In 2005, with Dickey's career on life support, the Rangers' brass suggested he become a full-time knuckleballer. Dickey had messed around with the pitch on the side for years and soon got the hang of it. He made the Rangers' Opening Day roster in 2006—and, in his first start, gave up six home runs, tying a modern-era single-game record. (Another pitcher to "achieve" this? Wakefield, also, of course, a knuckleballer.) Dickey was immediately demoted to the minors. In one outing his pitches would baffle hitters, resembling Wiffle balls in wind tunnels. The next outing, he might as well have been throwing batting practice. "Therein lies the rub of the knuckleball," he says, with an audible sigh. "You're trying to be reliable with an unreliable pitch."
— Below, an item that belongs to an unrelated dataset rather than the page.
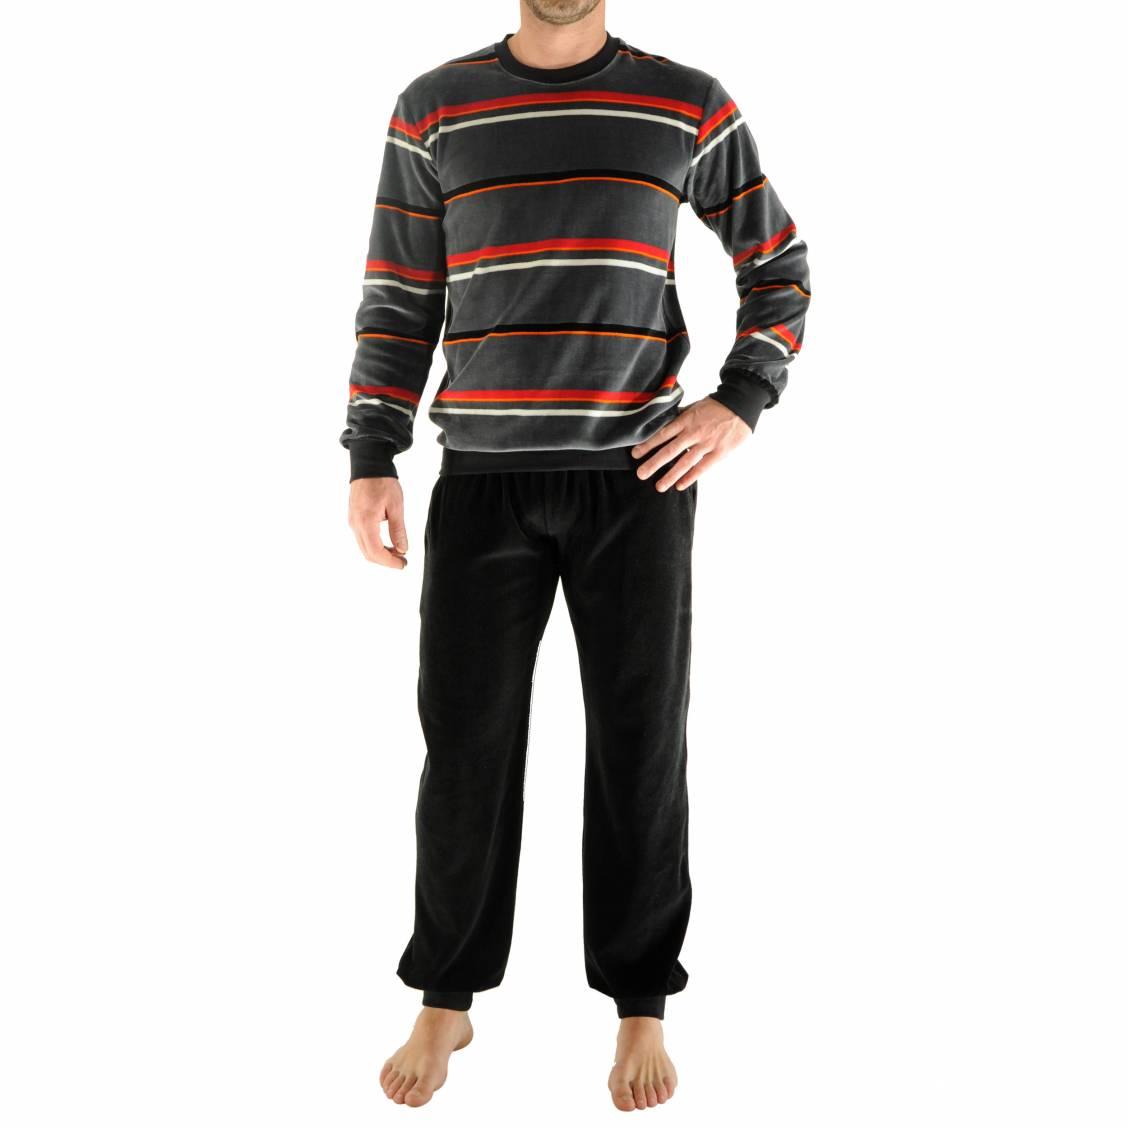 pyjama jogging gao christian cane en velours sweat col rond gris rayures et pantalon noir. Black Bedroom Furniture Sets. Home Design Ideas
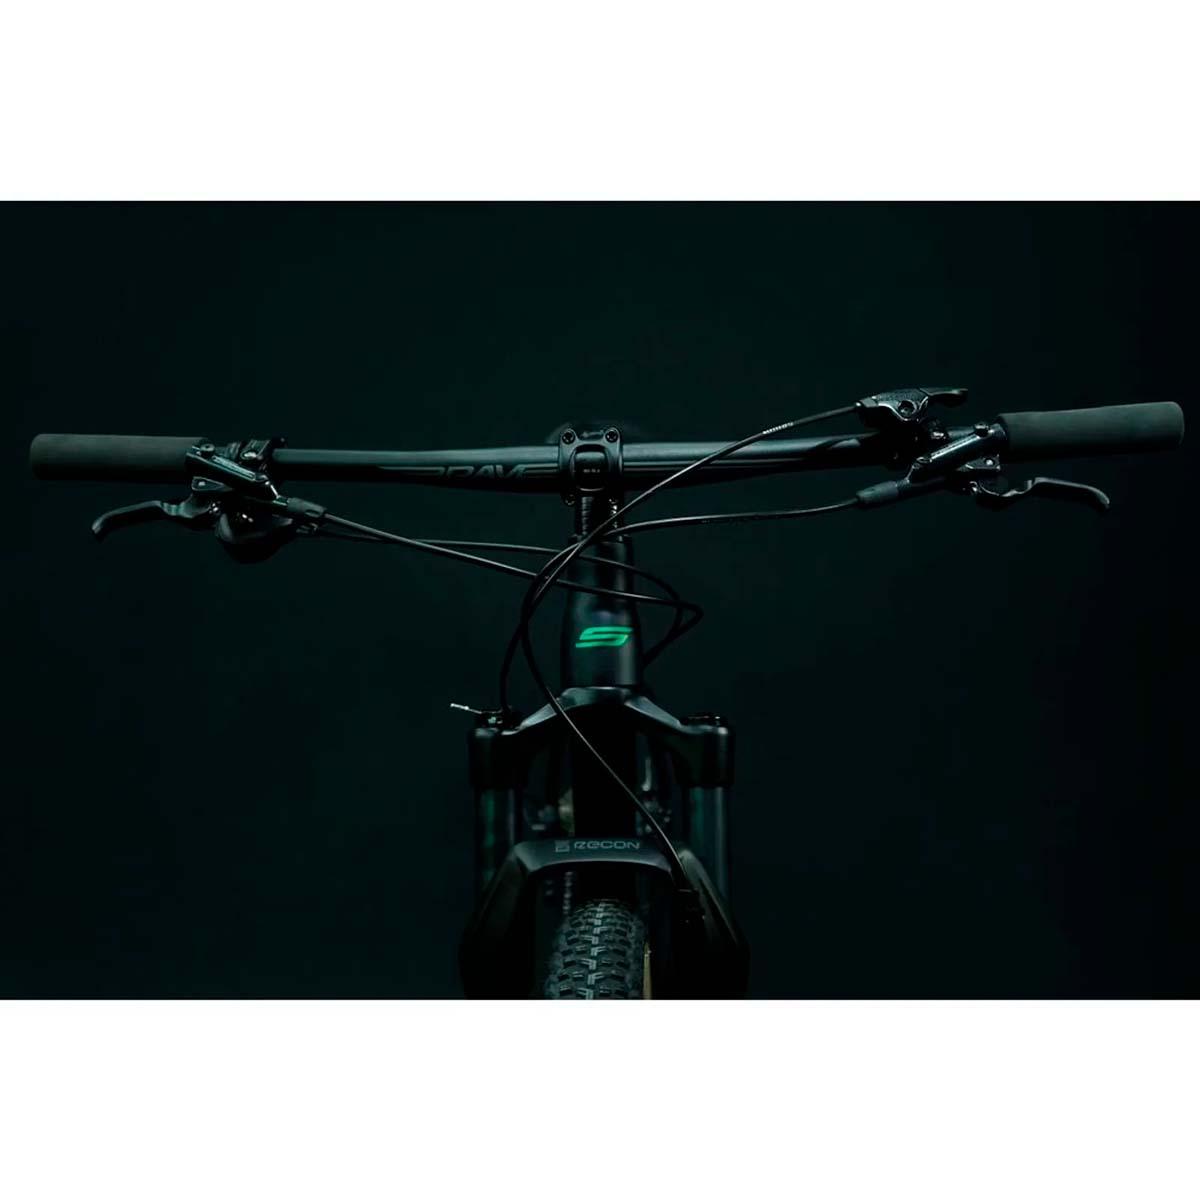 Bicicleta Soul SL 529 Aro 29 12V Sram NX Boost Degrade Verde e Turquesa 21

The few men who dedicate themselves to the knuckler share a bond that transcends the ties of city or team—and the fraternity doubles as support group when the pitch (inevitably) threatens the sanity of its practitioners. Dickey conferred with his forebears—Wakefield, Tom Candiotti, Phil Niekro and especially Hough. He grew to accept that every pitch has its own personality. After the 2006 season the Rangers released him; brief stints in the Brewers' and the Twins' organizations followed before he was traded to Seattle during spring training in '08. He hadn't pitched in the majors in two years. But gradually the results were coming, the good outings far outnumbering the bad.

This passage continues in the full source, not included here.